Gelsolin Modulates Phospholipase C Activity In Vivo through Phospholipid Binding

Gelsolin and CapG are actin regulatory proteins that remodel the cytoskeleton in response to phosphatidylinositol 4,5-bisphosphate (PIP(2)) and Ca(2+) during agonist stimulation. A physiologically relevant rise in Ca(2+) increases their affinity for PIP(2) and can promote significant interactions with PIP(2) in activated cells.
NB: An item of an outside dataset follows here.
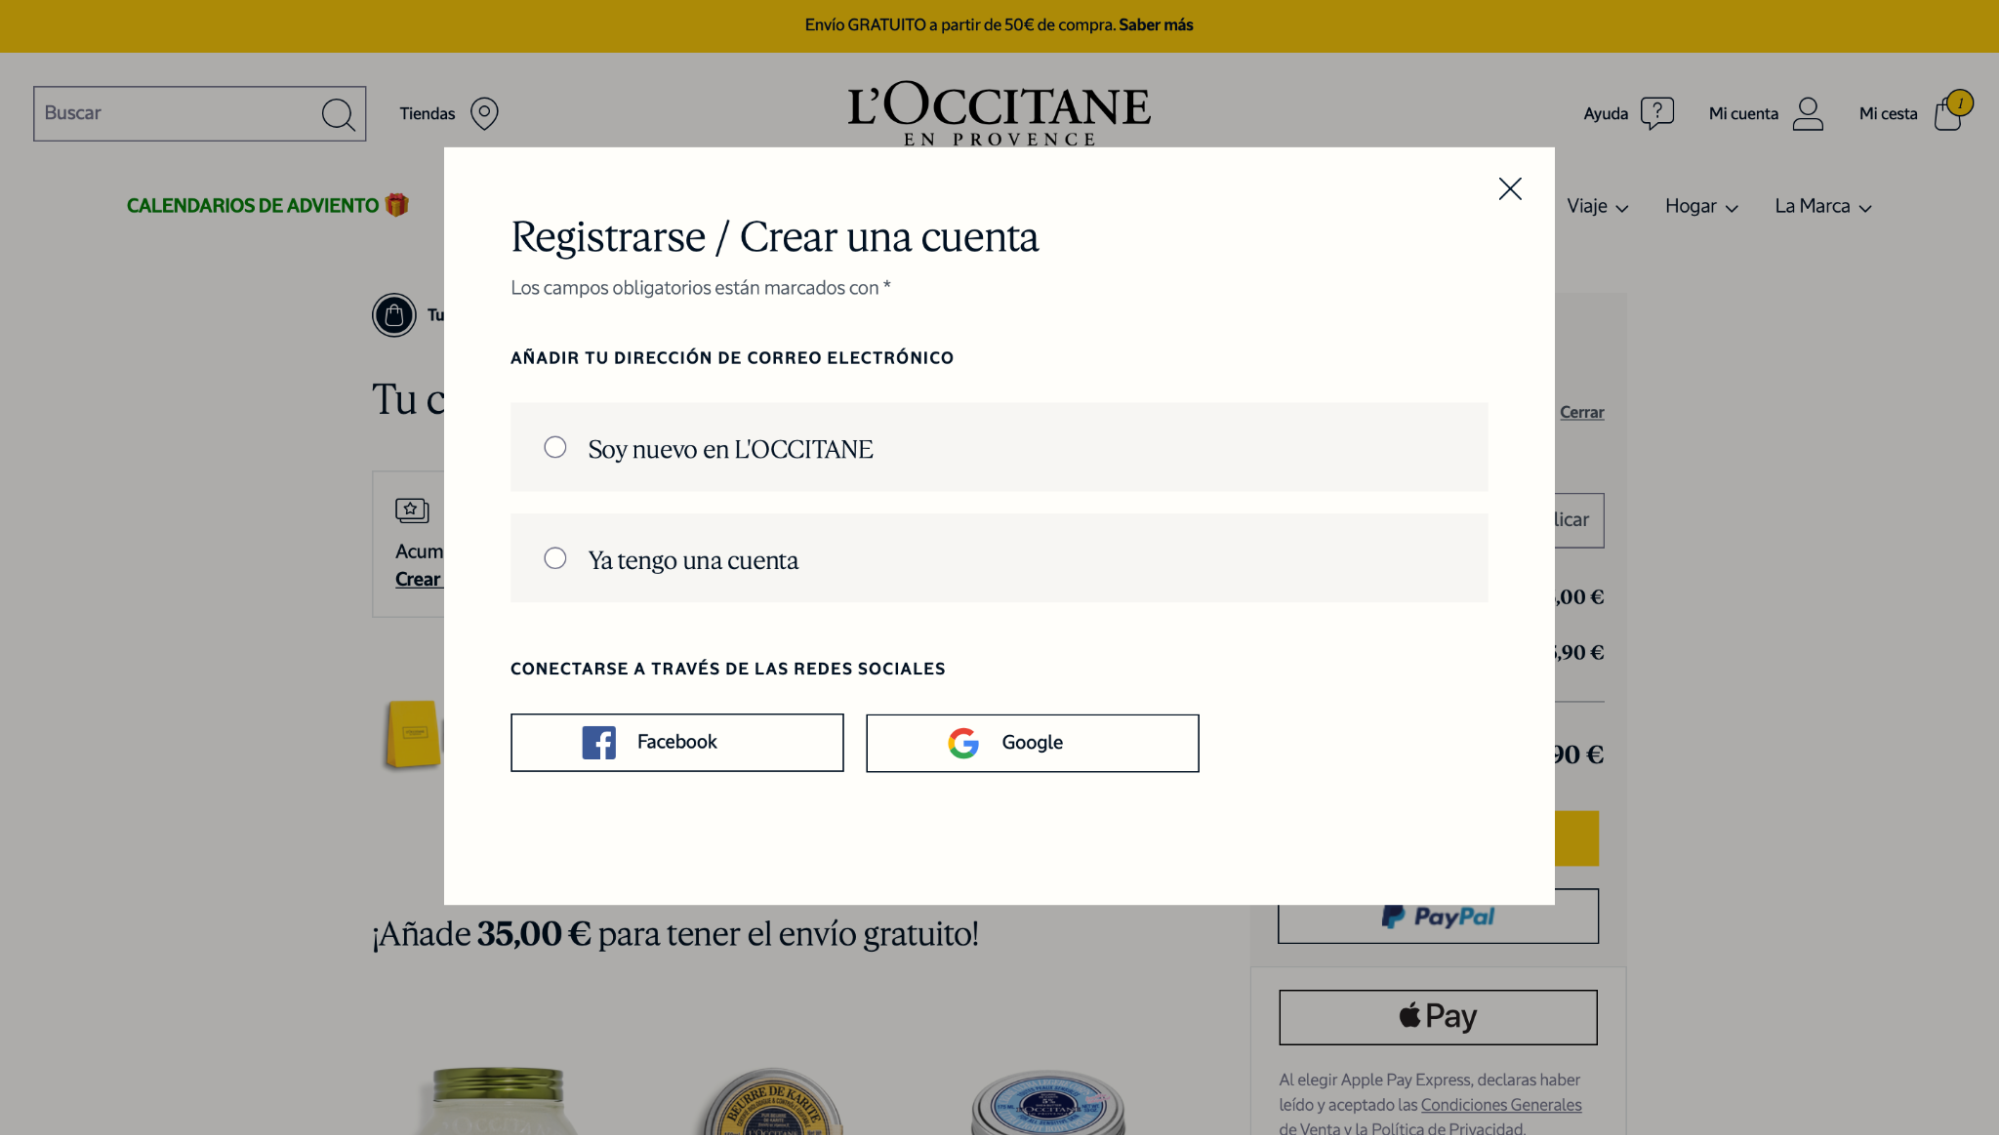 Imagen 10: Usar código promocional en L'Occitane

This may impact divergent PIP(2)- dependent signaling processes at the level of substrate availability. We found that CapG overexpression enhances PDGF-stimulated phospholipase C(γ) (PLC(γ)) activity (Sun, H.-q., K. Kwiatkowska, D.C. Wooten, and H.L. Yin. 1995. J. Cell Biol. 129:147–156). In this paper, we examined the ability of gelsolin and CapG to compete with another PLC for PIP(2) in live cells, in semiintact cells, and in vitro. We found that CapG and gelsolin overexpression profoundly inhibited bradykinin-stimulated PLC(β). Inhibition occurred at or after the G protein activation step because overexpression also reduced the response to direct G protein activation with NaF. Bradykinin responsiveness was restored after cytosolic proteins, including gelsolin, leaked out of the overexpressing cells. Conversely, exogenous gelsolin added to permeabilized cells inhibited response in a dose-dependent manner. The washout and addback experiments clearly establish that excess gelsolin is the primary cause of PLC inhibition in cells. In vitro experiments showed that gelsolin and CapG stimulated as well as inhibited PLC(β), and only gelsolin domains containing PIP(2)-binding sites were effective. Inhibition was mitigated by increasing PIP(2) concentration in a manner consistent with competition between gelsolin and PLC(β) for PIP(2). Gelsolin and CapG also had biphasic effects on tyrosine kinase– phosphorylated PLC(γ), although they inhibited PLC(γ) less than PLC(β). Our findings indicate that as PIP(2) level and availability change during signaling, cross talk between PIP(2)-regulated proteins provides a selective mechanism for positive as well as negative regulation of the signal transduction cascade.